A main feature of this architecture is that the front side bus ( FSB), the connection between the processor and chipset manufactured at predecessors of a point- to-point interconnect called QuickPath Interconnect ( QPI ) has given way to that designed for high throughput and scalability is - similar to the transition to AMD's HyperTransport five years ago. Another important innovation is also similar to AMD, is the integration of memory with an integrated memory controller. By connecting the processor with a much lower latency to access the memory. These two measures create from the existing to date bottleneck of the core processors, which was given by the FSB. However, this new base is required.

It is implemented in addition Simultaneous Multithreading ( SMT), which is already under the name Hyper -Threading was used in Pentium 4 processors. The new implementation clearly generates more power, also because the resources per thread are increased by the four -issue superscalar design as opposed to three times superscalar design of the Pentium 4. With Intel's SMT processor can process up to eight threads simultaneously with four cores. However, the benefits of a four- Kerner was questionable in desktop applications because only when specifically optimized software on this run so many performance-related threads at the same time. So far as " normal" quad cores suffer from being exploited by the few programs and therefore, due to be partially slower than dual core models with a lower clock per core, in the applications. In the Server field on the other hand make several - real or virtual - processors tend to be more useful because often a number of requests to be processed in parallel.

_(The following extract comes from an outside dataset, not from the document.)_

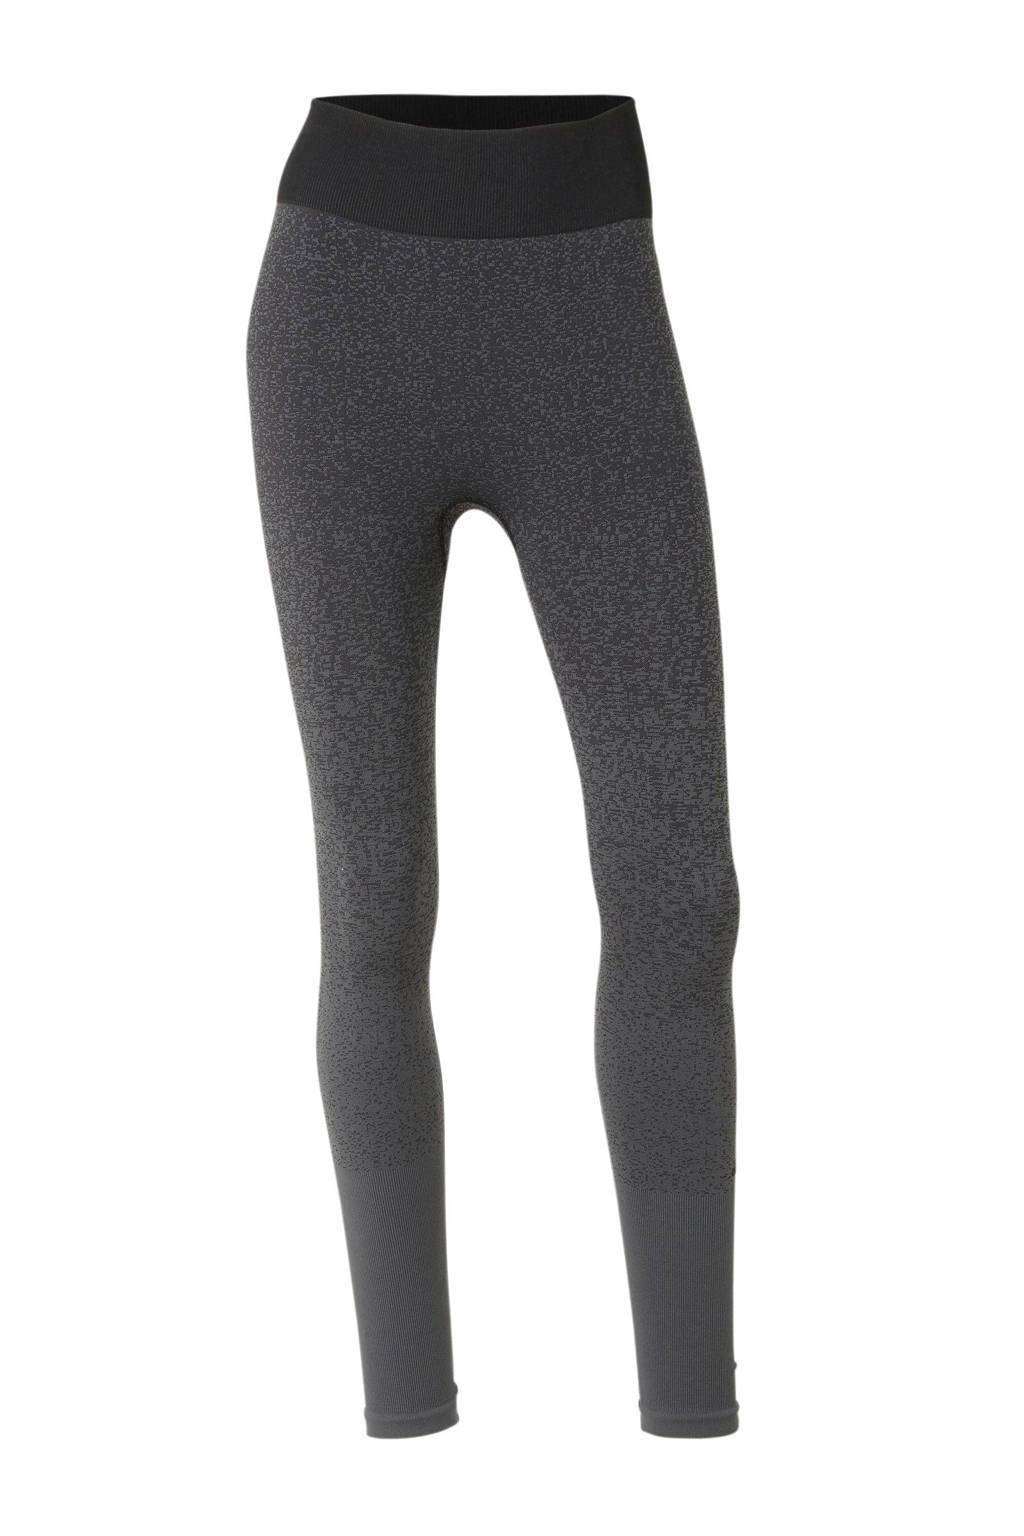 adidas performance sportbroek zwart/grijs, Zwart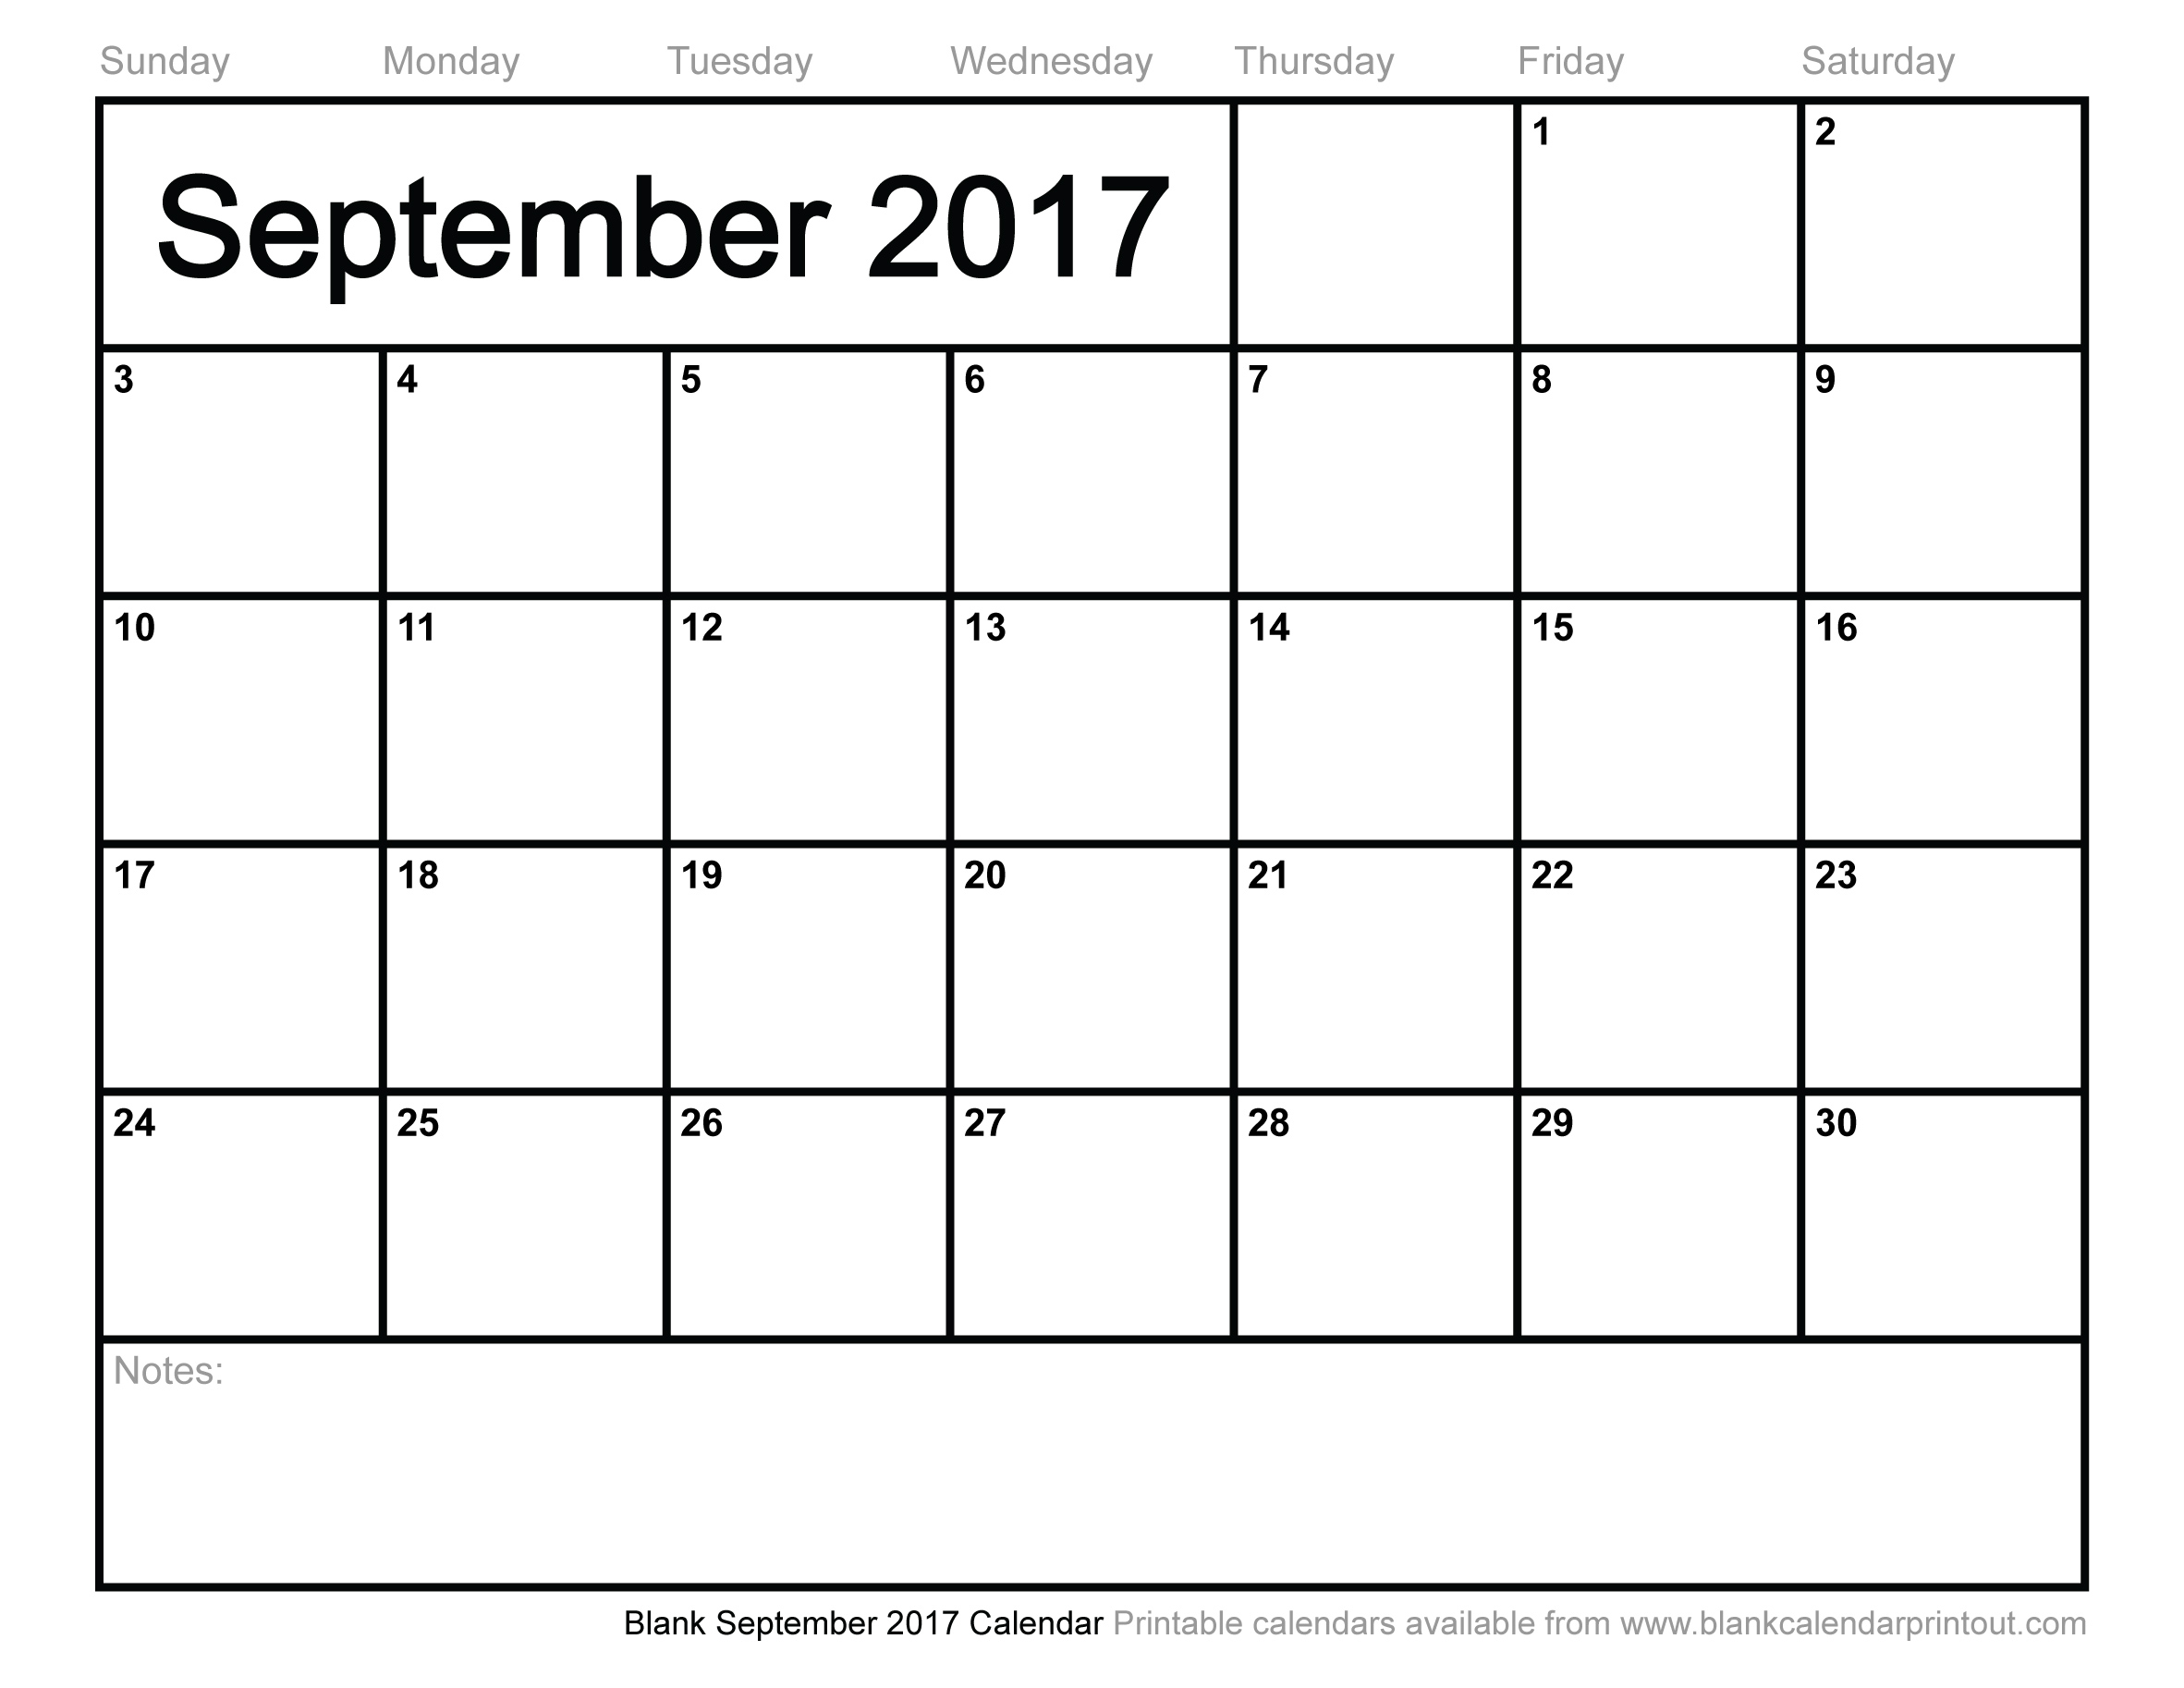 Blank September 2017 Calendar To Print

Compared with its predecessors, the Nehalem architecture, a three-level cache hierarchy similar to that of AMD Phenom: Each core has besides an exclusive L1 cache also has its own 256 KiB L2 cache, while all cores share a common L3 cache, up to 8 MIB is large. This is effectively less than the last MIB for up to 6 two cores in core 2, but the benefits of such large caches is questionable; lost in this point, stripped-down versions of the Core 2 often only minimal performance. The latter is an inclusive cache, i.e., it always contains all the data that are stored in L1 and L2 caches. Thus, the cache coherence protocol is simplified and snooping traffic reduced. The L1 and L2 caches exist in contrast to the previous processors no longer ordinary 6T SRAM, but from 8T SRAM cells, which hopes to Intel savings in energy consumption.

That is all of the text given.